Stark is on-message when it comes to gummies being both healthy and fun. “When you work long hours,” she tells me, “you have to be very health-conscious, almost a bit obsessed to plan [a healthy diet]. We offer a delicious and effective mechanism not only for achieving daily nutritional intake, but enjoying the process.”

It is the same time-saving, feelgood message peddled by food delivery companies who tell us to stop faffing about cooking and embrace doing less. Stark points out that you can get all your daily iron in “two delicious gummies”, adding that “to obtain the equivalent from food you’d have to sit and eat a whole bag of spinach – not many people would do that.” Perhaps not, except you wouldn’t expect to get all your daily iron intake from one source, in one sitting.
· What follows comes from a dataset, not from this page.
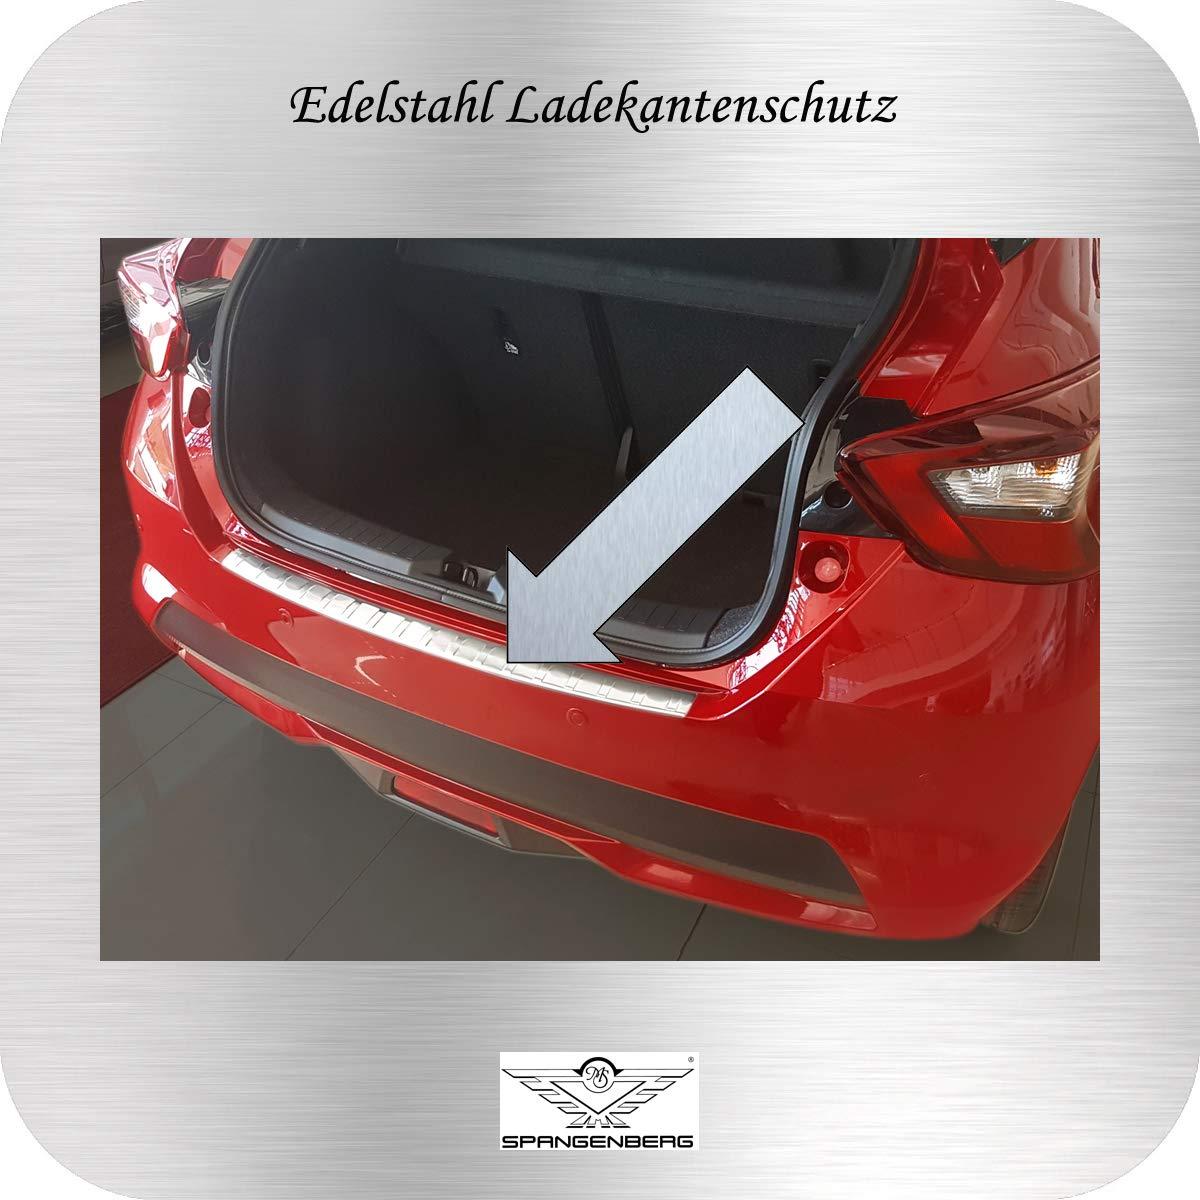 Art Spangenberg Edelstahl Ladekantenschutz f/ür Nissan Micra Schr/ägheck Typ K14 ab Baujahr 12.2016 3235149

You also wouldn’t sprinkle sugar on your spinach.

“There’s a market for almost demedicalising supplements and making them feel less like a pill and more fun, mainstream and Instagrammable,” says Medlin, “when we need to be taking this seriously because supplements aren’t benign – you can take too much and they can cause harm.” Research has found links between excess beta-carotene supplementation and increased risk of lung cancer, excess vitamin E and higher risk of prostate cancer, and high dose vitamin D has been found to reduce bone density. On Mumsnet, panicked mums regularly take to forums asking for advice when their kids have eaten entire tubs of gummies, and there’s been a reported rise in vitamin D overdoses among adults, which can cause symptoms ranging from drowsiness to high blood pressure and kidney abnormalities.

Scientists are still grappling with whether taking supplements at all provides any significant health benefits. “There isn’t a huge amount of evidence to support supplementing,” says Amati, “unless we are addressing specific deficiencies. Pregnancy and supplementing a vegan diet are the biggest exceptions. Making sure we have a good diet and healthy lifestyle should be much more evidence-based than any gummy or pill.”

Trends come and go, but this wellness craze shows no signs of slowing any time soon, despite health experts bemoaning the proliferation of ultra-processed foods (UPF). Gummies, often laden with sugar, sweeteners, glazing agents and colourings, are another, more insidious form of UPF. We’re being urged to read food labels more carefully and avoid lengthy lists of chemical-sounding words. We should perhaps apply the same logic to supplements.